Of all the challenges facing this polarizing baseball team, here is what it can be condensed to: They need to find a way to remain relevant past Labor Day. Because as of the moment the Huskies kicked off Saturday night, the Mariners officially became an afterthought.

This town is certifiably football crazy. The University of Washington unveiled a sparkling stadium rebuild Saturday by destroying a nationally ranked Boise State team, and look to be more compelling than it has been in years. The Seahawks have elicited an unprecedented Super Bowl-or-bust frenzy, and they’ve come by it honestly.

Even the Sounders, in the seemingly niche sport of soccer, can summons a chanting, maniacal crowd of 67,000 for a meaningful regular-season game.

The Mariners, meanwhile, limp toward the end of another lackluster season, barely registering in the sporting landscape. It will be their 12th consecutive season out of the playoffs. It will be their fourth straight losing season (and eighth out of the past 10).

Only the transfer of the woeful Astros into the AL West is keeping them from a run at their fourth consecutive last-place finish. But compiling 90-plus losses for the sixth time since 2004 is a possibility, as another offensive meltdown seems to be in process.

It has become an annual rite of late summer — the marginalization of the Mariners. But it is a trend for which they have no one but themselves to blame.

Once the Seahawks opened training camp, it was pretty much a fait accompli. Just try finding any sustained Mariner talk on sports radio once Russell Wilson heaved his first practice pass. Seahawks exhibition games — glorified scrimmages — crush regular-season Mariner games in the ratings. Water-cooler chatter is dominated by Seahawks roster machinations or opinions on whether this will be Keith Price’s year.

Oh, the Mariners were given their annual chance to show that this season would be different.

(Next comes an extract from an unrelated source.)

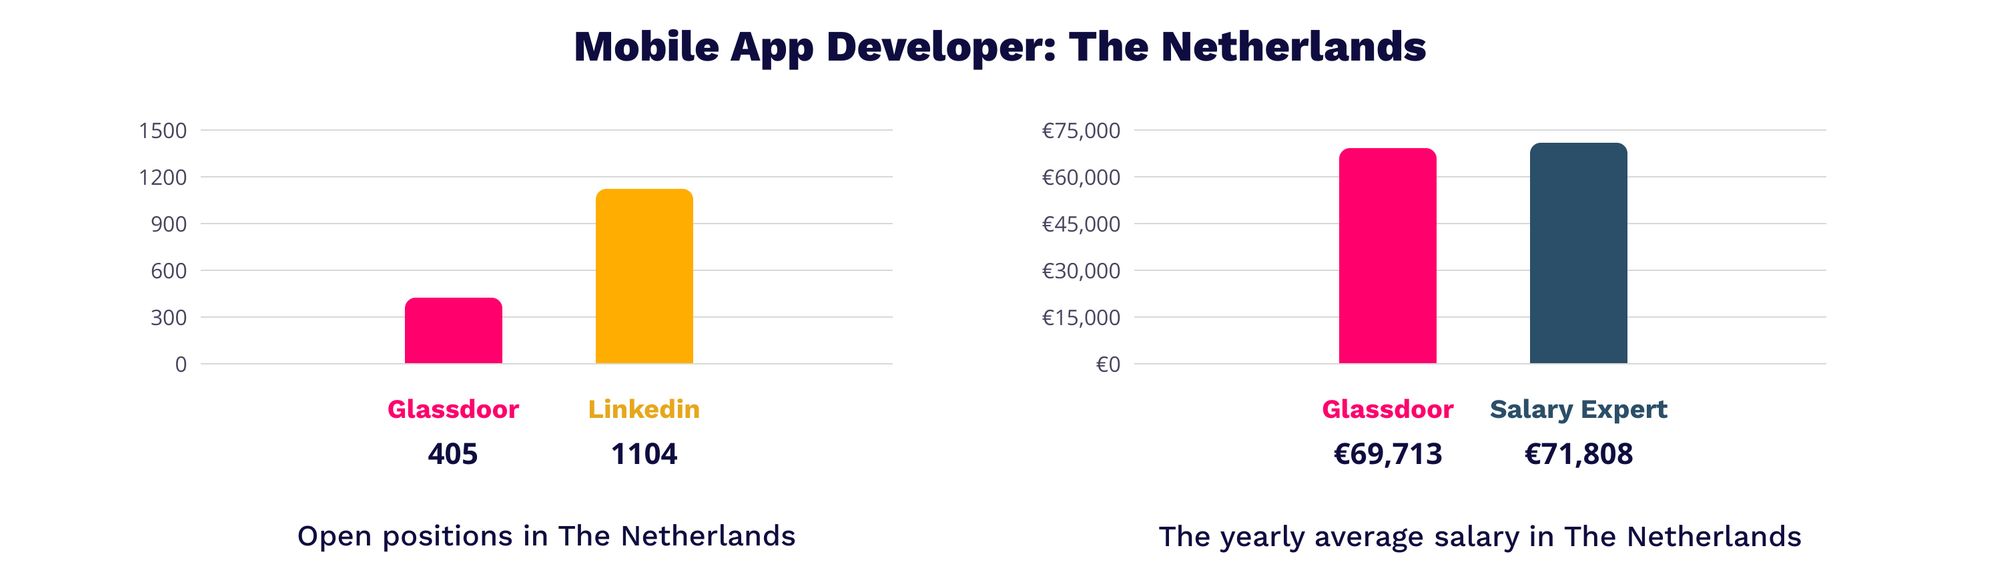 Mobile app developer salary - IT Jobs in The Netherlands | MagicHire.co

Fans want to believe. They want to buy in, and stay in. Of that I’m convinced. There was that burst of home-run power in spring training that gave hope that this year would be different.

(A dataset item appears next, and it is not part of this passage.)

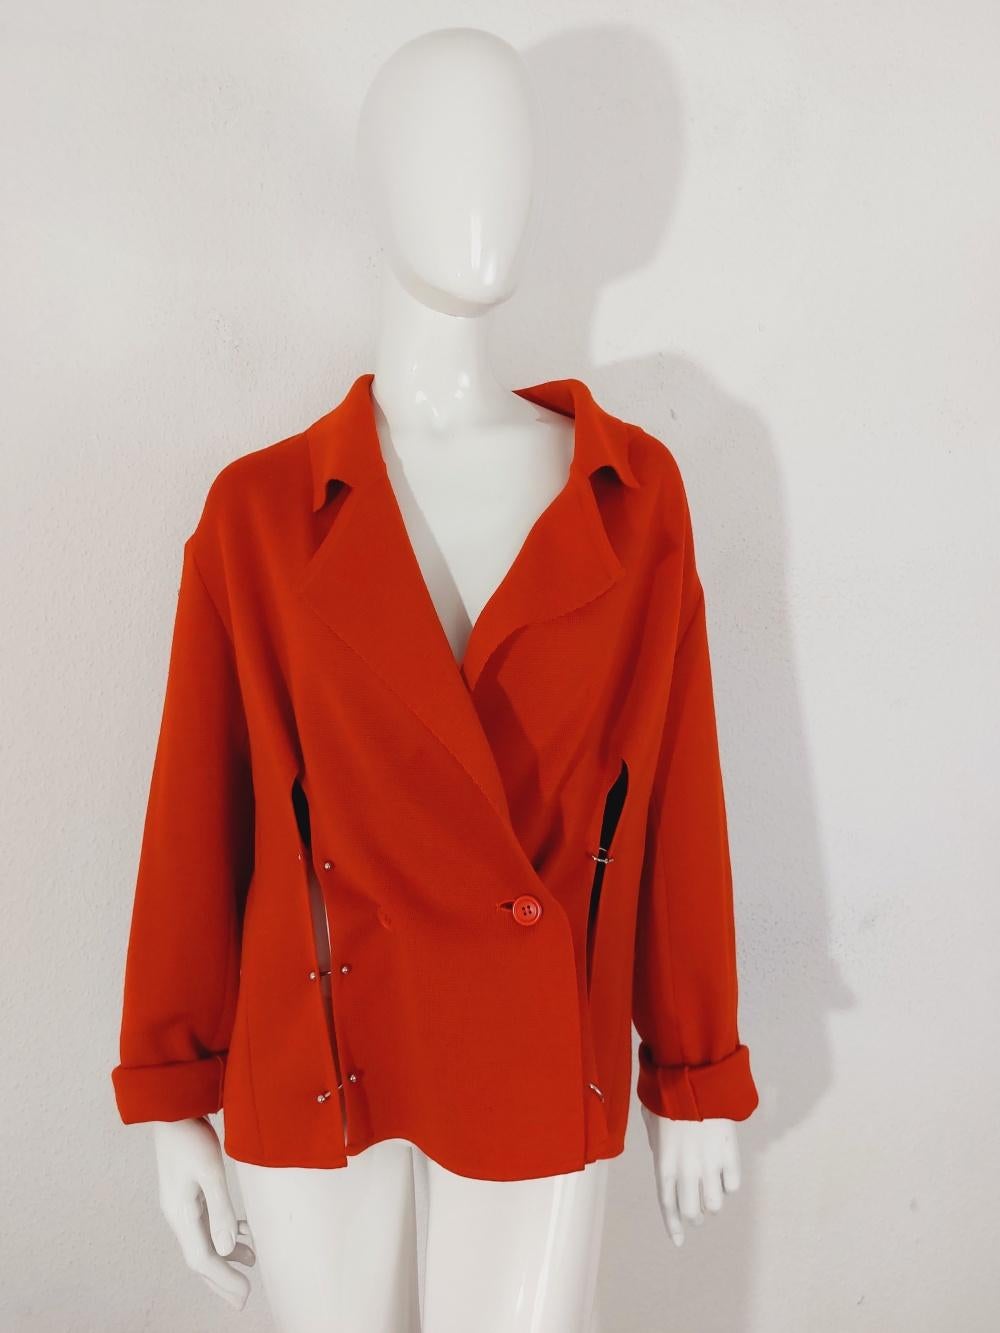 Issey Miyake Pleats Please Red Piercing Punk Deconstructed Rivet Coat Jacket For Sale 4

But it hasn’t been, and the summer has fallen into the old, familiar pattern of benign neglect. Each Felix Hernandez start still grabs attention, and the annual parade of youngsters from the minors warrants some hopeful yearning for a brighter future.

It even looked for a time in July that it was all coalescing. A run of eight consecutive victories prompted GM Jack Zduriencik to hold off on wholesale trade-offs at the deadline to see if these Mariners, at full strength, could make some semblance of a run.

But they lost their manager, Eric Wedge, to a scary health ordeal, and could not sustain their success into the stretch drive. And so here we sit, with interest in the team draining by the day, another season of less than 2 million attendance looming at Safeco Field.

It’s especially sad considering it wasn’t that long ago the Mariners owned this town. From 1995 through 2001, when they made the playoffs four times and fielded a consistently charismatic team, the Mariners worked their way to the forefront of fan loyalty and affection. It peaked with an MLB-best 3,540,482 spectators in 2002 — an astonishing 92.8 percent of capacity over 81 games.

That goodwill was squandered long ago, however. Those fans who haven’t yet drifted off into apathy are consumed by frustration.

The Mariners can only win back support in the time-honored fashion — by winning. That holds true whether decisions are being made by the current brain-trust, or if there’s an overhaul at the top. This year is another case study in how the initial intrigue over an infusion of youth can only take you so far. Even a debut as anticipated as Taijuan Walker’s will cease to hold attention once the novelty wears off, if it’s not accompanied by genuine belief in a brighter future on the horizon.

It’s possible to squint in a certain direction and conjure up some hope for next year. If the young talent all matures together. If the apparent breakthroughs by Dustin Ackley and Justin Smoak are sustainable. If management opens up and lures free agents like Jacoby Ellsbury and/or Shin-Soo Choo to Seattle.

But that’s all wishful thinking and pipe dreams, good for a fleeting diversion while planning your viewing party for Sunday’s Seahawks opener.